How can anyone keep up with it all? In Shawn Achor’s, bestselling book Before Happiness, we can benefit from some very helpful tips he gives on how to separate the noise from the valuable. Before sharing them, I would like to first highlight something he doesn’t mention which I feel is really important. That is to create a special place dedicated to helping you to do your best thinking! I have several “thinking places” because my topics vary and require a different kind atmosphere. When it comes to thinking and planning around life and family, there isn’t a better place than my old brown leather sofa at home. I love its big “end arm” that allows me to curl up with a warm blanket and my favorite tea with honey and just a pinch of sugar. It is also here where I pray. Not only is it important to have a special place to think, but the time dedicated to do the thinking. For me, family and prayer thinking time usually happens very early in the morning (swap the tea for coffee) or very late at night. And for work – it’s the treadmill. I am big Paul Simon fan and I love to think while listening to tunes like Me and Julio Down By the School Yard or She’s Got Diamonds in the Soles of Her Shoes. The music is fun, cheery with a great beat – and I always finish with some new ideas or possible solutions to whatever I am working on. Yes, identifying a special place to think about things is really important. But to be successful – you will have to block out the noise. For family and prayerful thinking, the television is off and all is pretty quiet. Treadmill thinking is the exact opposite – music is loud with lots of people movement at the gym. But in either place, my mind is focused only on those things – I cancel any “noise” that could distract me.

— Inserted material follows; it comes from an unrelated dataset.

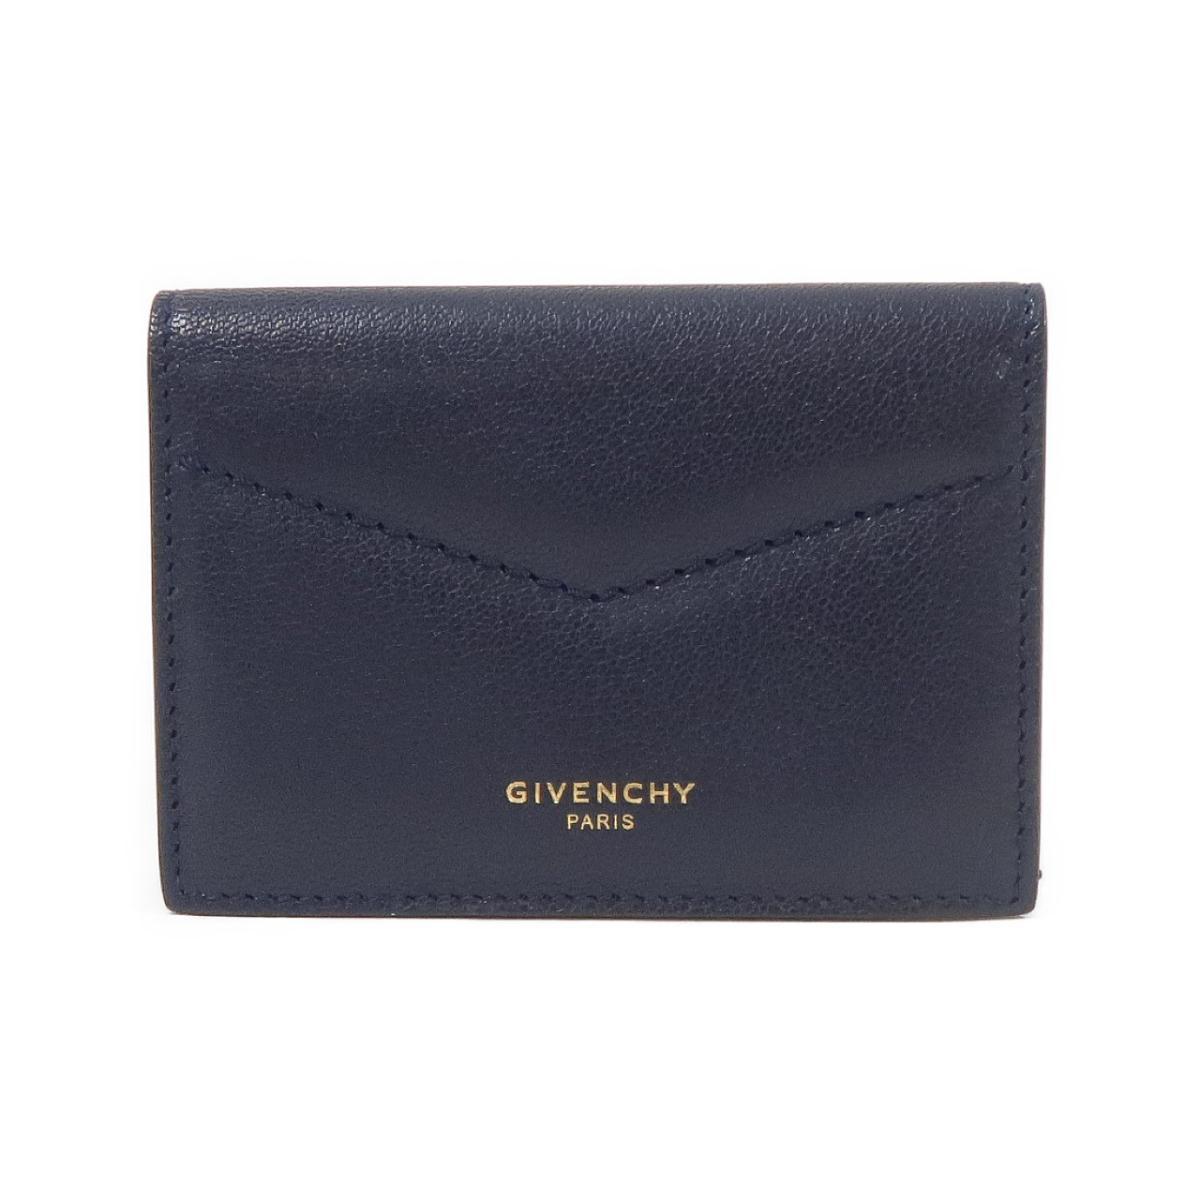 ジバンシーの財布

Now for Shawn’s tips on how to “cancel” the noise so that you are better equipped at taking in information that is going to provide some value:
Don’t Take in the Unusable: Only take in information that will REALLY alter some aspect of your behavior. Sadly, most of the information that floods your brain on a daily or even an hourly basis fits into the “unusable” category. For example, don’t dwell on news stories about events that you cannot do anything about through a continuous change in your behavior (something that would alter what you do regularly).
Avoid the Untimely: Don’t take in information that you aren’t going to use imminently. If you intend to hold stocks for the long run, why check the stock market each day?
Hypothetical: It is based on what someone believes “could be” instead of “what is.” Economic and weather forecasts head the list. “What if you could have back all the minutes of your life you’ve spent listening to predictions – 90 per cent of which have been wrong?” he asks in the book.
Anything Distracting: It takes you away from your goals. Things that distract me include dumb emails; meeting invitations that are not directly tied to my own work priorities and goals, too much “water cooler” chatter, annoying commuters (yes I will definitely get up and move if I am sitting next to Ms. Sniffles).
Shawn’s book is chock full of recommendations and tips on how to ensure happiness. The Happiness Advantage is also a great read. It is not that he wants us to shut the world out, but to focus on the things that are really meaningful,” And to bookend that, TRUTHSTOINSPIRE recommends that you create a special place just to think about whatever is really important after you’ve blocked out all the noise. Thinking about prayer, family, home, or work matters are really worth creating that special place for you to do your best thinking.